Mutation exploration – DeepSeq2Drug

The purpose of DeepSeq2Drug is to screen potential drug for novel viruses virtually. Some virus-drug datasets make using machine learning-based methods for drug repurposing possible. However, those datasets only provide known pairs, while few provide other features/embeddings. Thus, the most recently proposed methods are network-based (graph-based) methods. The advantages of the graph-based method are making the most of prior known pair knowledge and searching for potential links between viruses and drugs. Nonetheless, graph-based methods are limited when coming across novel viruses, as if there are no known links between novel viruses and drugs.

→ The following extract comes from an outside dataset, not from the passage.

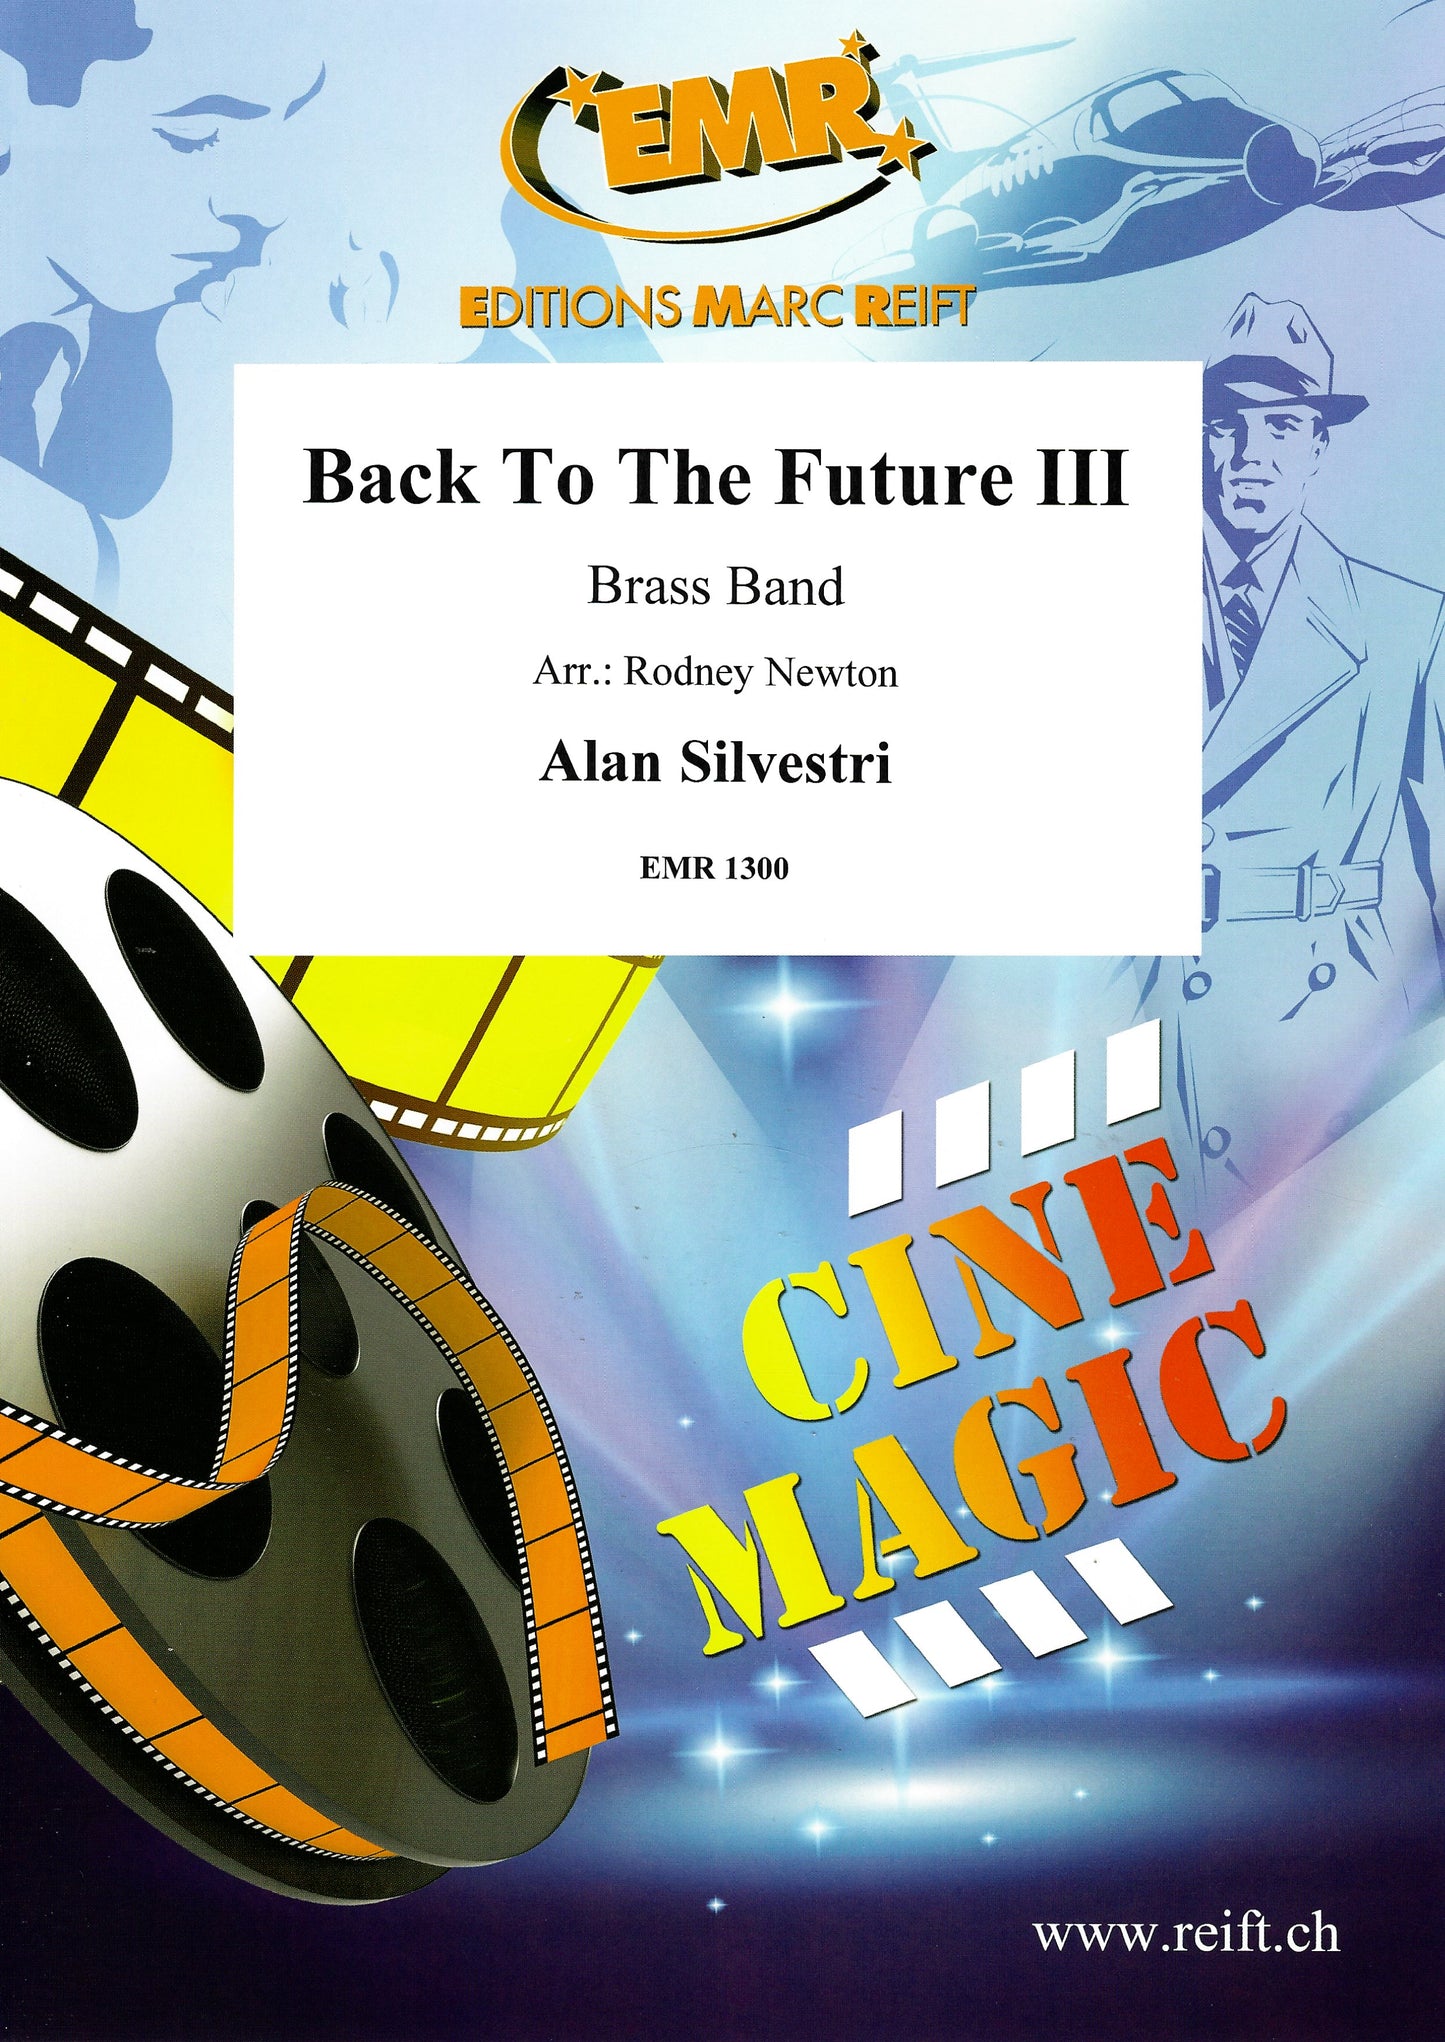 Back To The Future III

Also, the mutated virus can not be dealt with using the graph-based method because all these mutants are regarded as the same virus in the graph.

The DNA and RNA contain undiscovered information. And for each virus mutant, the sequence varied a lot, especially for the RNA virus. Also, for viral sequences, there is a database (NCBI virus [1]) that can provide sequences for each mutant, making collecting sequences for each virus possible.

Thus, using viral sequence features to model drug repurposing is promising, more feasible, and flexible.

Many aspects of viral features can contribute to the virtual drug screen,

Such as sequence motifs (patterns), structures, statistical features, and so on. Based on our previous work [2], we started with statistical calculation features (which are calculated from the ilearn platform[3]). Based on another previous work[4], we also introduced an NLP-based method, doc2vec[5], to extract latent embedding based on virus sequences.

In the next version of DeepSeq2Drug, we might introduce sequence motifs and RNA structures (2D or 3D) to polish our prediction system further.

To further explore the mutant RNA viruses, we took different mutants of the sars-cov-2 virus and conducted more experiments.

We first applied MAFFT[6] to five (four mutants+one reference sequence ) sars-cov-2 virus mutants, including B1, BA5, BF7, and XBB.1, and constructed a phylogenetic tree for these mutants (Shown in Figure 1). The B1 is the early mutation of sars-cov-2, while BA5, BF7, and XBB.1 are the later ones.

Figure 1, the phylogenetic tree of sars-cov-2 virus mutants.

We first compared Pearson Similarity (0-1, close to 1 means the vectors are very similar) based on the doc2vec embeddings of each mutant. Results are shown in the following:

B1,BA5 PearsonRResult(statistic=0.9006671139755364, pvalue=1.9208206333532863e-47)

B1,BF7 PearsonRResult(statistic=0.9019241075574765, pvalue=8.964827874717818e-48)

B1,XBB1 PearsonRResult(statistic=0.9067403418932873, pvalue=4.382863371575376e-49)

BA5,BF7 PearsonRResult(statistic=0.9983050803791067, pvalue=1.697090393959078e-157)

XBB1,BA5 PearsonRResult(statistic=0.9981705601918953, pvalue=2.077632850541821e-155)

XBB1,BF7 PearsonRResult(statistic=0.9976816181777338, pvalue=6.190036926014514e-149)

BA5, BF7, and XBB.1 are the mutants that appeared closely in time. Thus, as can be seen from the similarity, these three mutants might be similar (around Pearson 0.99). BA5 and BF7 have the highest correlation value of 0.9983, which aligns with the phylogenetic tree. All of the later mutants BA5, BF7, and XBB.1 have less Pearson similarity with their ancestor mutant B1 (almost around 0.9).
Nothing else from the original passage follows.